### WHAT IS REQUIRED
Reproduce exactly only the lines from the line that holds "The best protective" to the line that holds "Storm to play historic Fiji game", inclusive, in the listing below, and please leave out every picture.

### RECORD EXTRACTS

BEGIN

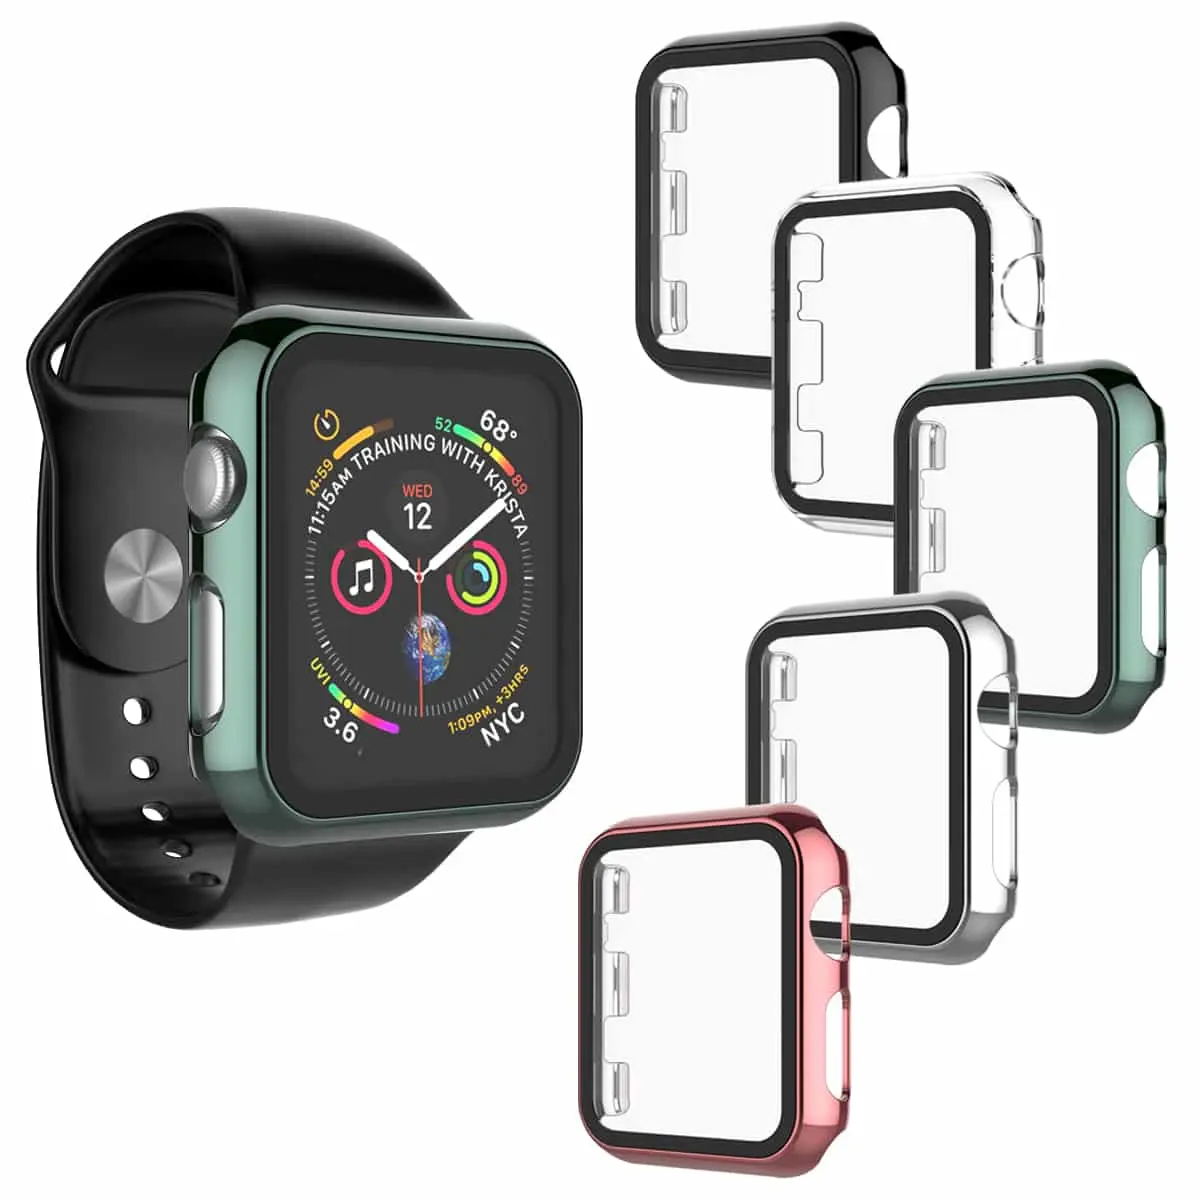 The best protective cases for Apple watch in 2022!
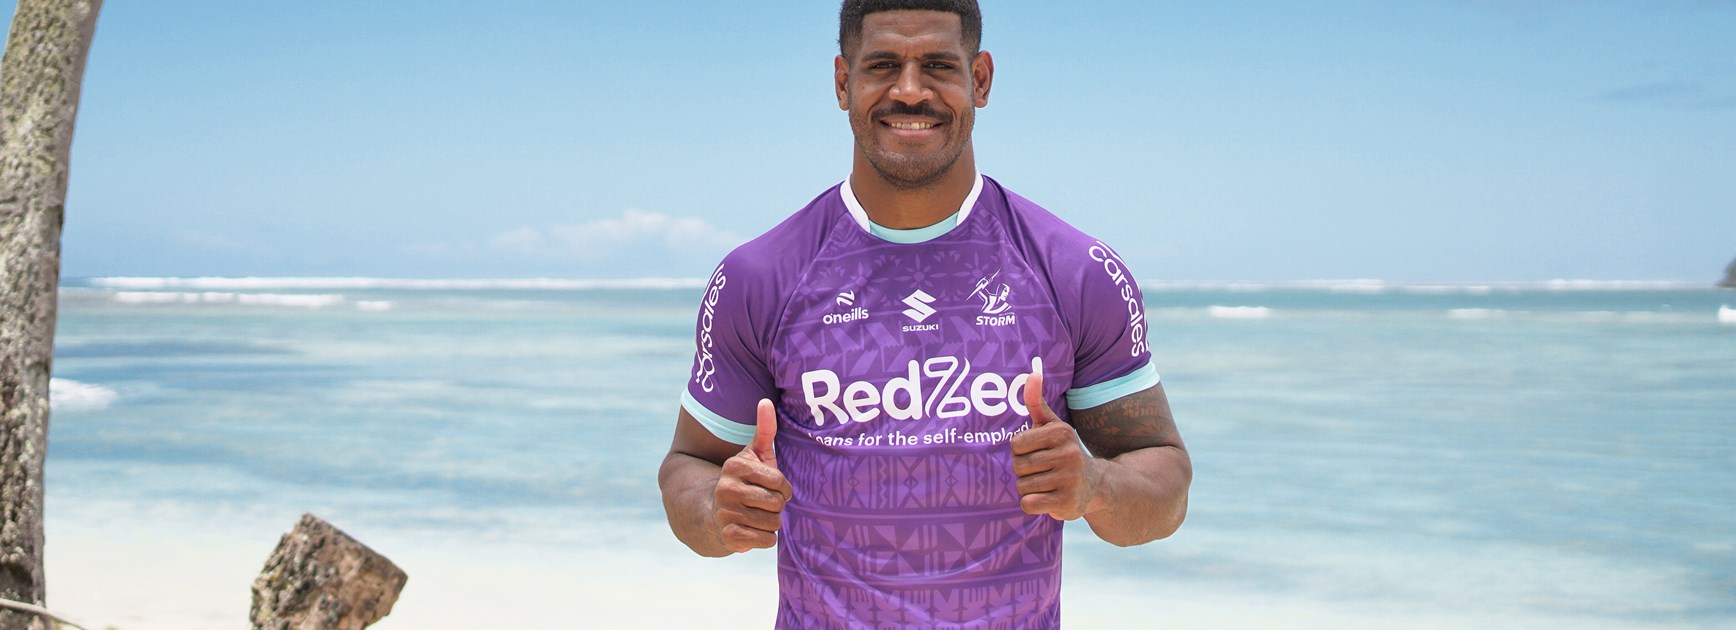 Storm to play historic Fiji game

END
BEGIN

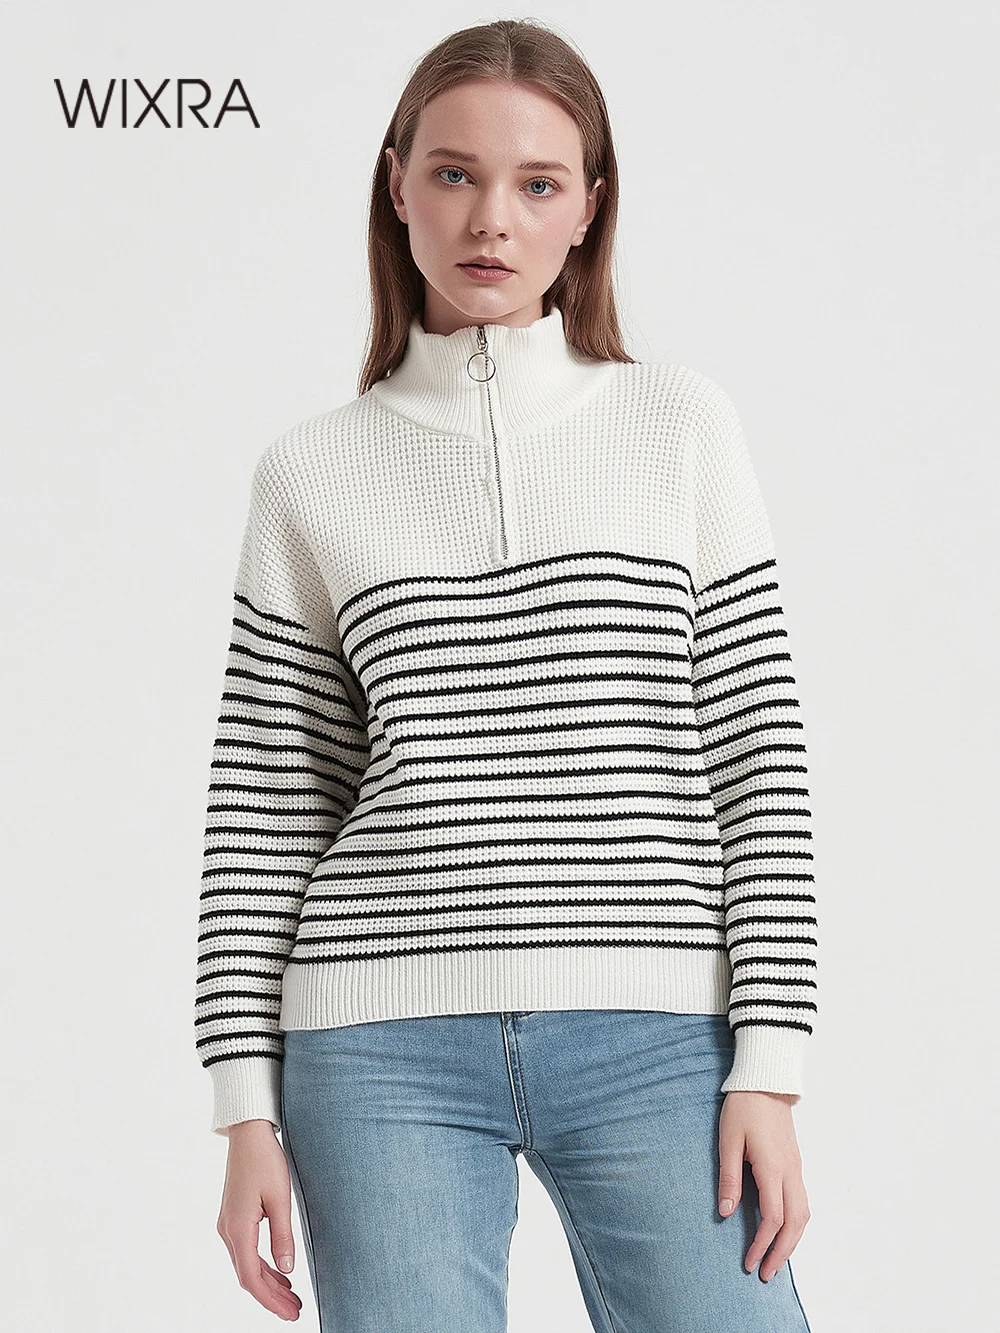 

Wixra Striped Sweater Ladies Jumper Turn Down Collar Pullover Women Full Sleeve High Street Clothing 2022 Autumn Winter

END

### THE ANSWER
 The best protective cases for Apple watch in 2022!
 Storm to play historic Fiji game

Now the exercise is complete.